# Favorite way to teach hold the dumbell



## CometDog (Aug 22, 2017)

I've seen it taught a few ways now. Anyone care to share what worked for them?


----------



## Jax08 (Feb 13, 2009)

It depends on the dog and the natural hold they may or may not have.

Shaping is the best way to start. This video is a step in the progression of the shaping process

https://www.facebook.com/completecanine10/videos/1711828799059551/


----------



## mycobraracr (Dec 4, 2011)

Depends on the dog. With Terra and Kimber, it was basically a forced hold. I put her in a corner of a small room, stand next to her, put the dumbbell in her mouth and make her hold it. When she put it in her mouth, I would "out" her, release her from the corner and reward it. Once she understood to take the dumbbell, I started smacking the dumbbell to make her hold it tight without chewing on it. Once she would take it and hold without chewing, I would start to have her work on fronts with it and starting to heel with it. To the point of doing a full OB routine with the dumbbell in her mouth. Then I started to hold it out in front of her, make her lean forward and take it, gradually increasing distance and going closer to the ground until I could start tossing it. 

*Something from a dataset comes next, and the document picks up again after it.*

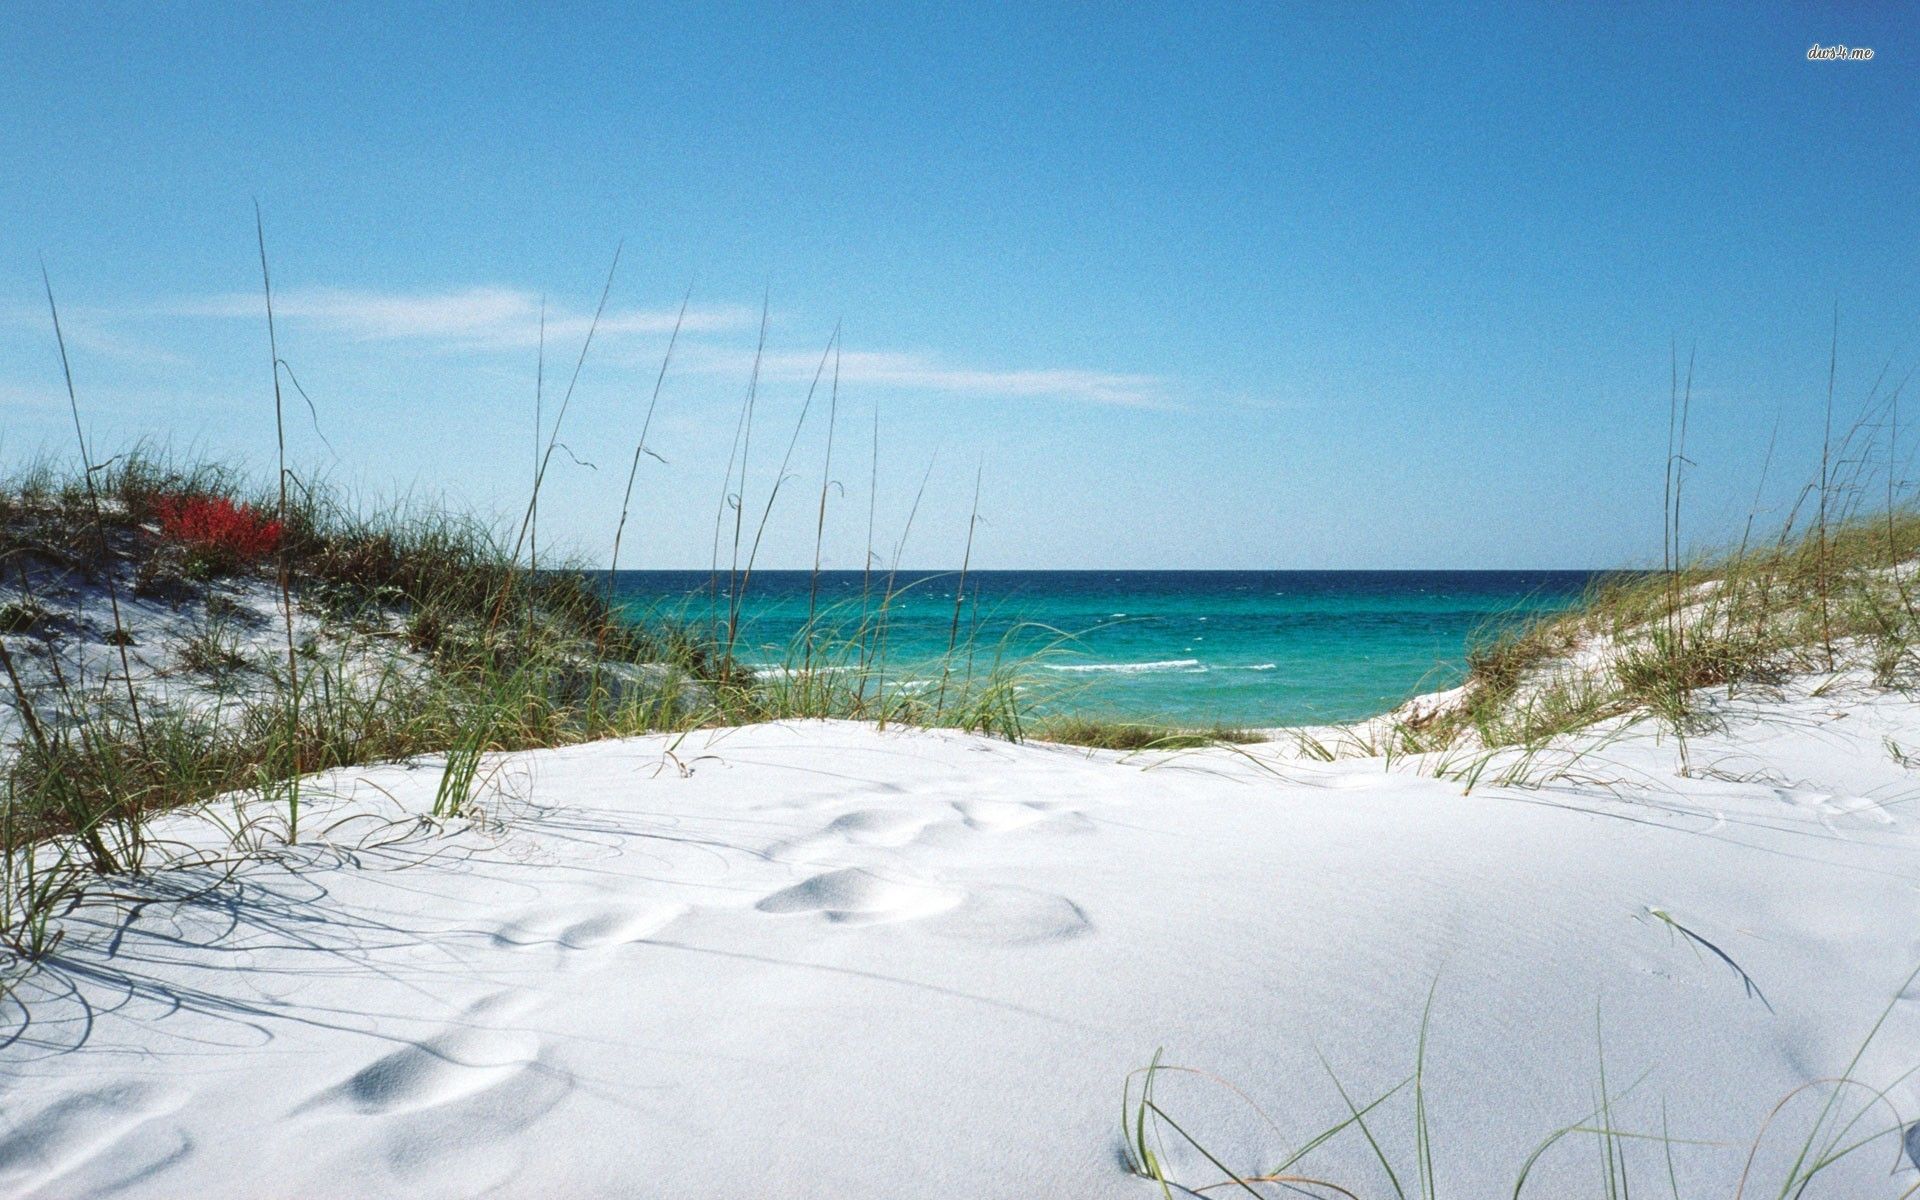 White sanded beach in Florida wallpaper - Beach wallpapers - #20723

With Areli and Xander, it started similar, but then went to a play retrieve. It's what made sense to them. Trying to "force" them created a lot of conflict and issues with the retrieve. Going to a play retrieve, helped them. Personally I go for option 1 as for me it seems more reliable. But again, it wasn't working for Xander and Areli.

Heidi was started with a play retrieve, then added some of the "you have to" to it. With Heidi she would screw around on the retrieve to the point of taking Kiersten out during one of their P2 titles haha.


----------



## Sunsilver (Apr 8, 2014)

Yeah, it so much depends on the dog!

My older female is ball crazy, toy crazy. She hoards all the toys in the house. So, I was able to transfer her drive for retrieving a ball to the dumb bell. She will actually bark to get me to throw it. The big thing with her that I never figured out how to break her from - was she would pick up the dumb bell by the bell, not the handle. (I retired her from schutzhund before she perfected her retrieve.)

My younger one, I started out prying her mouth open to take the dumb bell, then petting her head while she held it for a bit, then rewarding her with a treat. Gradually, she got so she would take it on her own. Then, I began asking her to follow me (facing front) for a short distance before letting me take it out of her mouth. Then, I get her to walk by my side, do a front, let me take it from her, then fuss beside me.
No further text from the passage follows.